Betstar
- Industry: Online Betting Bookmaking Sports Betting
- Founded: Melbourne & Darwin, Australia (2007)
- Founders: Michael Eskander, Alan Eskander
- Headquarters: Brisbane & Darwin, Australia
- Area served: Australia
- Revenue: A$275.94 million (2012)
- Number of employees: 40 (2012)
- Website: betstar.com.au

= Betstar =

Australian corporate bookmaking firm

Betstar (also known as Eskander's Betstar) established in 2007, is an Australian Corporate Bookmaking firm that are based and established within Melbourne and Darwin. BetStar were acquired by British bookmakers Ladbrokes Coral (formerly Ladbrokes) in 2014. In 2018, Ladbrokes Coral (and therefore Betstar) were acquired by gaming group Entain (formerly GVC Holdings).

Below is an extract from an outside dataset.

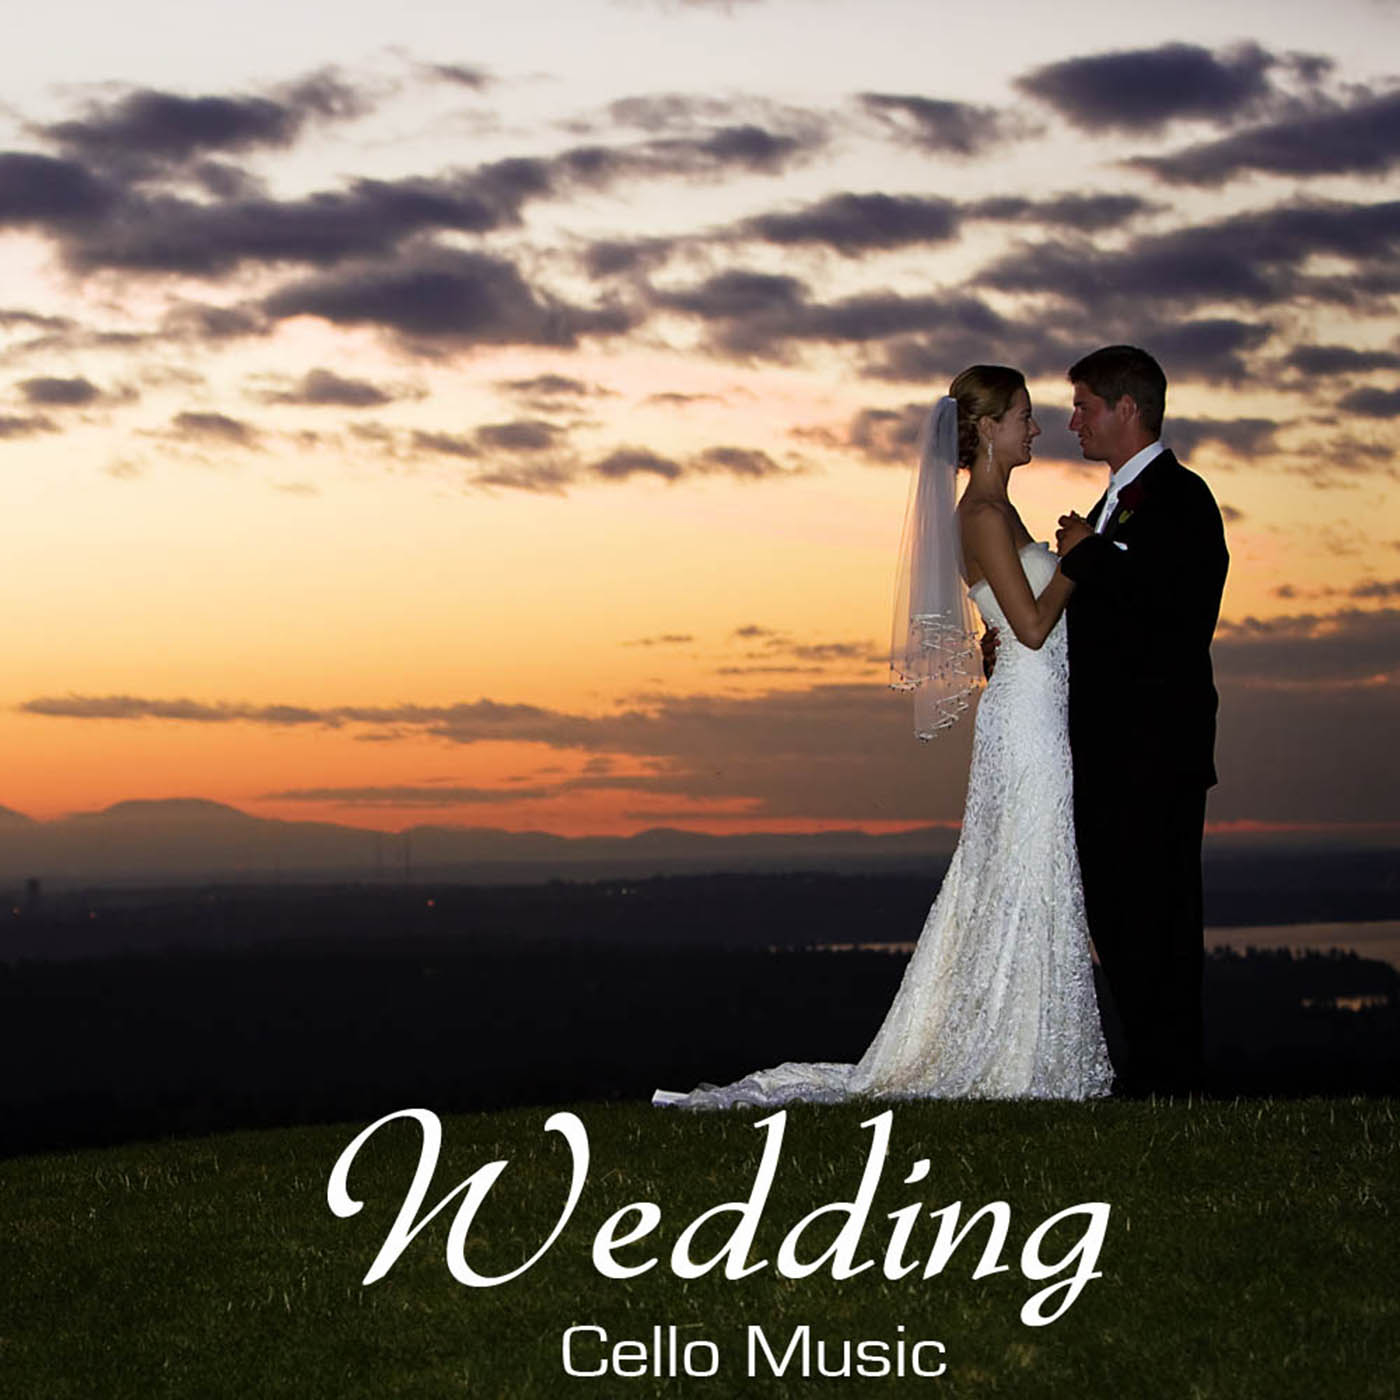 Wedding Cello Music: Wedding Music with Traditional Irish, Scottish and English Instrumental Songs, Wedding Reception Music and Wedding Dinner Party Happy Songs

Betstar employ 40+ staff split between the Melbourne & Darwin offices. Betstar turns over in excess of $275 million per year.

== Founders ==
Betstar was founded by father and son bookmakers, Michael and Alan Eskander who had both been operating as independent bookmakers before merging the two businesses together. In October 2009 Eskander's Betstar was announced as a Business Review Weekly Fast 100 company, the BRW Fast 100 ranks companies with according to their average annual turnover growth over three years

=== Michael Eskander ===
Michael Eskander emigrated to Australia from Egypt in July 1966, working as a bank teller initially and moving onto a number of industries before being exposed to bookmaking. Michael was awarded his licence over 17 years ago. After being granted his licence, Michael worked his way to become one of Australia's most prominent and well respected bookmakers. Michael Eskander was known for being a bookie to a number of Australian identities including Kerry Packer, whom once placed A$400,000 bet on Jezabeel via Eskander in the 1998 Melbourne Cup.

===Alan Eskander===
Alan Eskander, son of Michael was educated at Trinity Grammar School, Kew and later achieved a bachelor of Commerce, majoring in economics. Alan received his first bookmaker's licence in 1997 and started fielding at country race tracks, three years later Alan was granted his Metropolitan rails licence. Alan is a registered member of the Victorian Bookmakers Association. Betstar are known for their authoritativeness as a source in many of Melbourne's newspapers about sporting & horse racing betting odds.